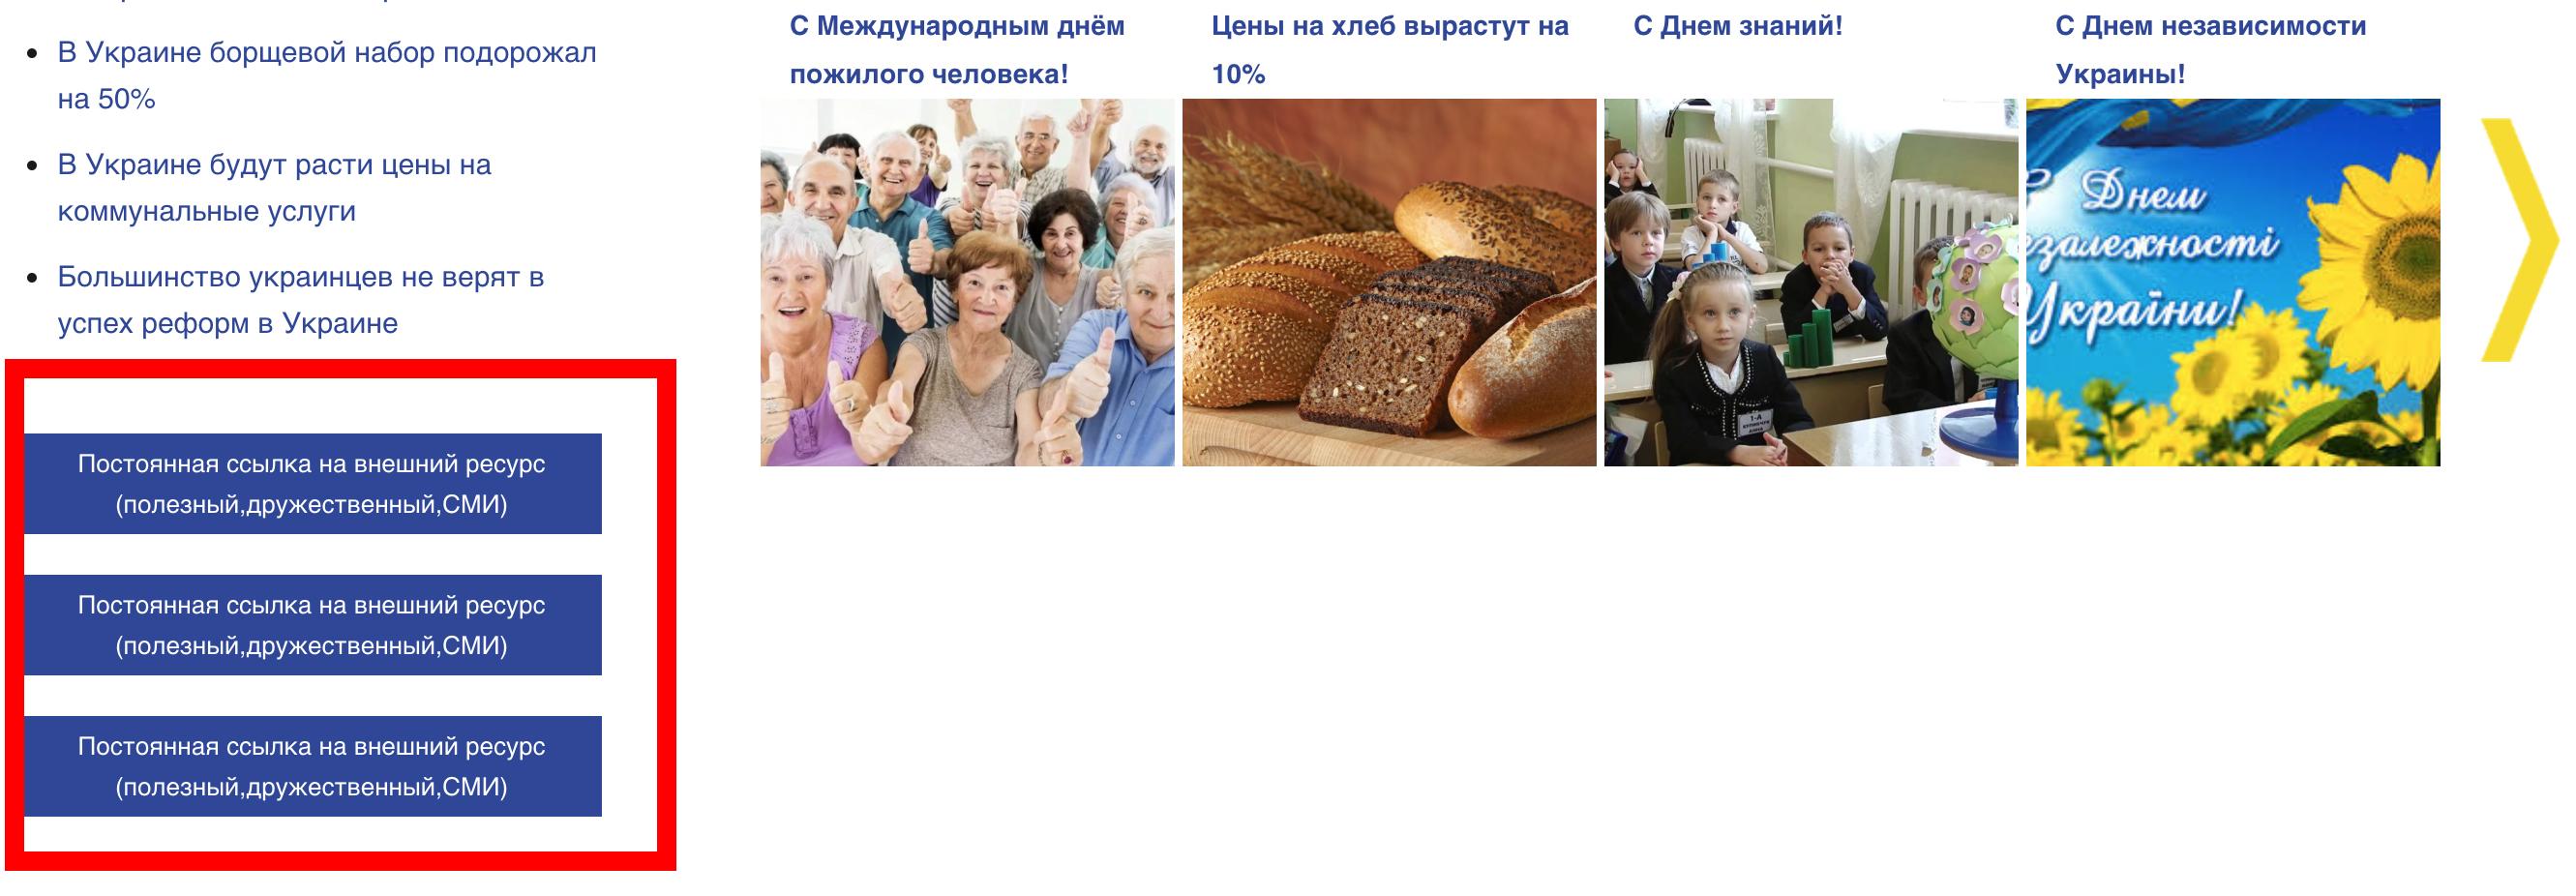 Скрин сайта pru.org.ua
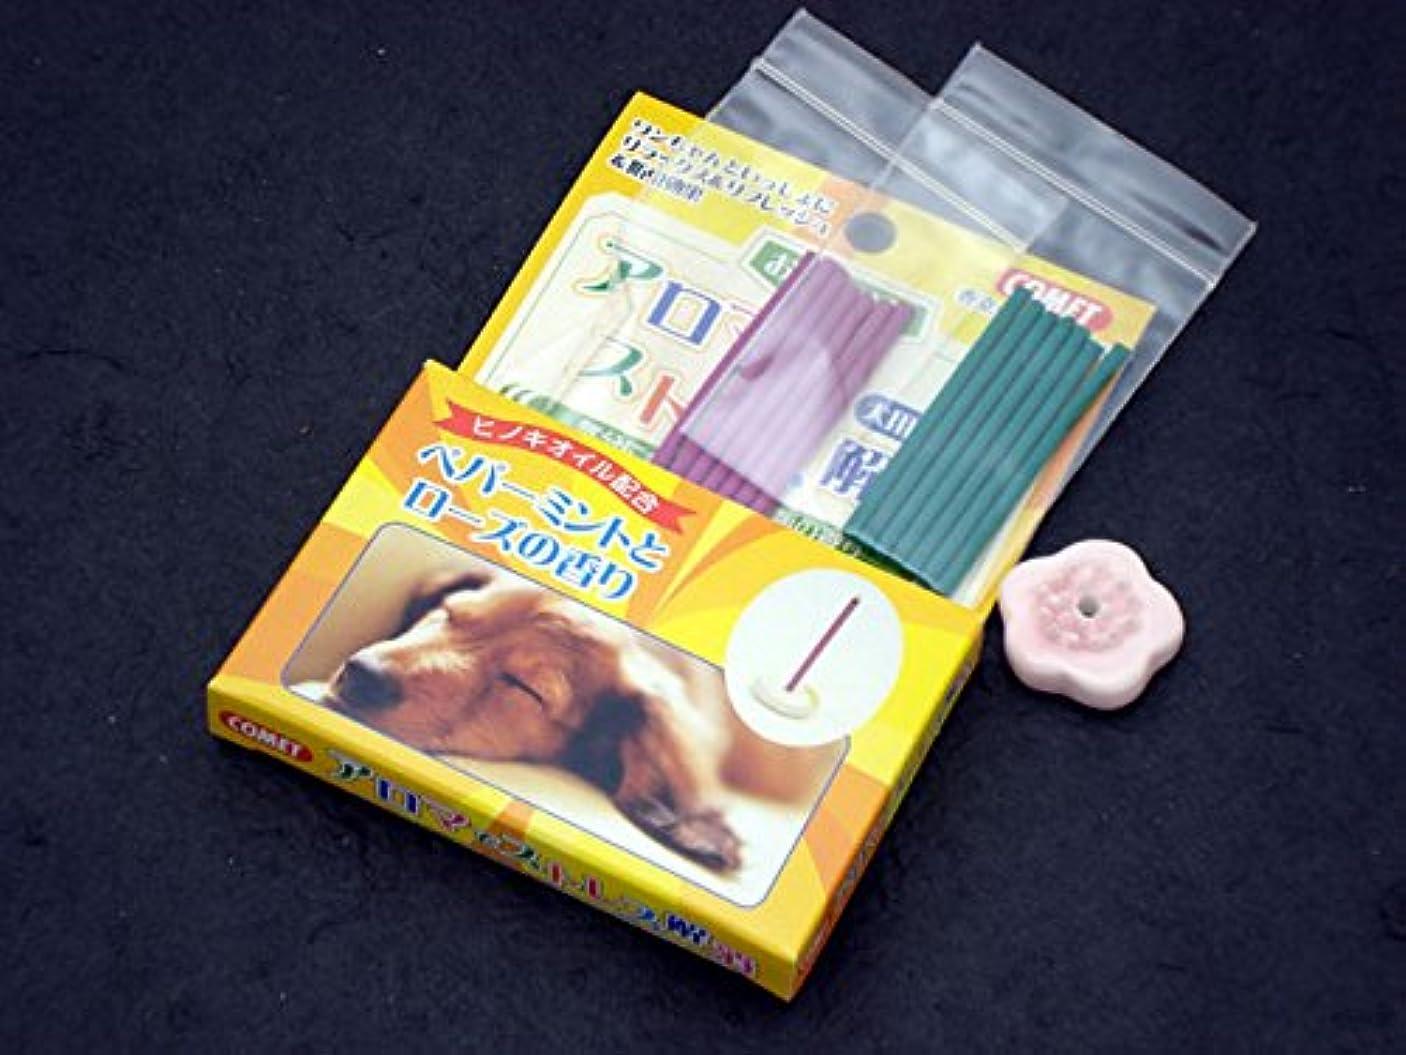 絶縁する衝動口ひげ犬用お香 アロマでストレス解消 【スティック】 ペット用
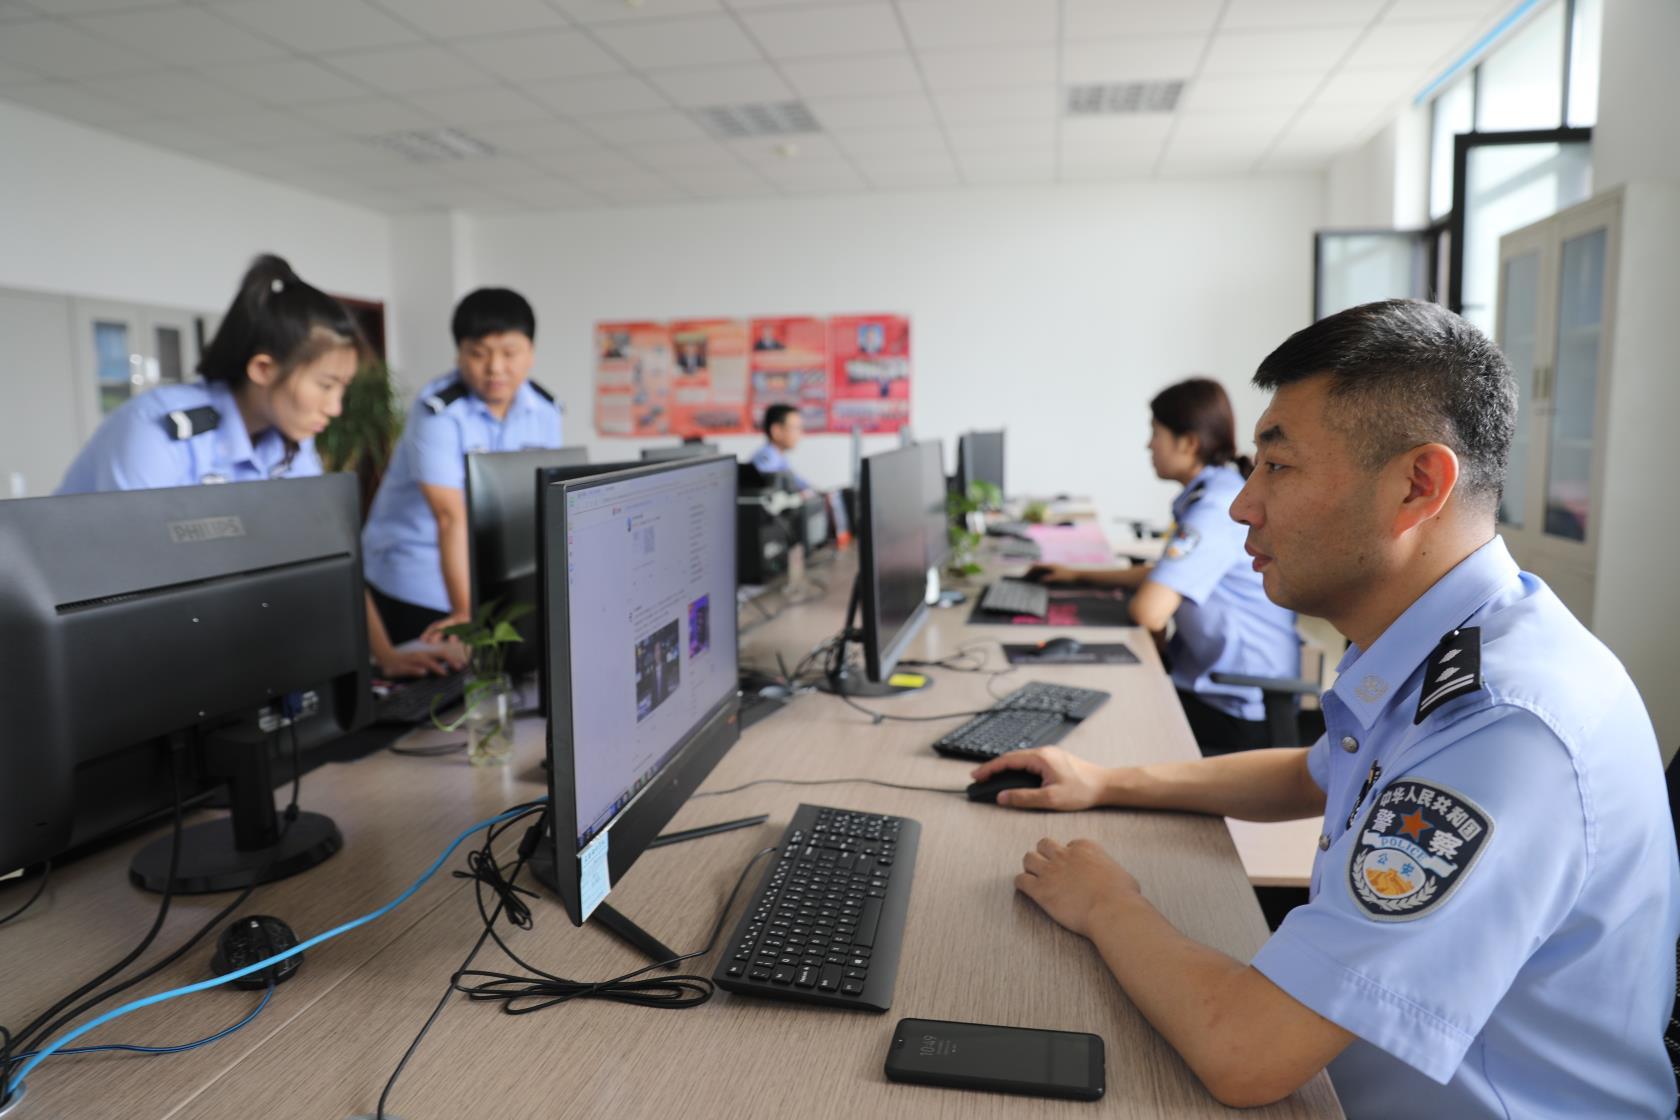 http://skogson.com/dandongfangchan/33401.html

→ **EXERCISE**:
Copy out all the data exactly. The images should not appear in the copy.

→ **SOLUTION TO THIS TASK**:
 Скрин сайта pru.org.ua
 絶縁する衝動口ひげ犬用お香 アロマでストレス解消 【スティック】 ペット用
 http://skogson.com/dandongfangchan/33401.html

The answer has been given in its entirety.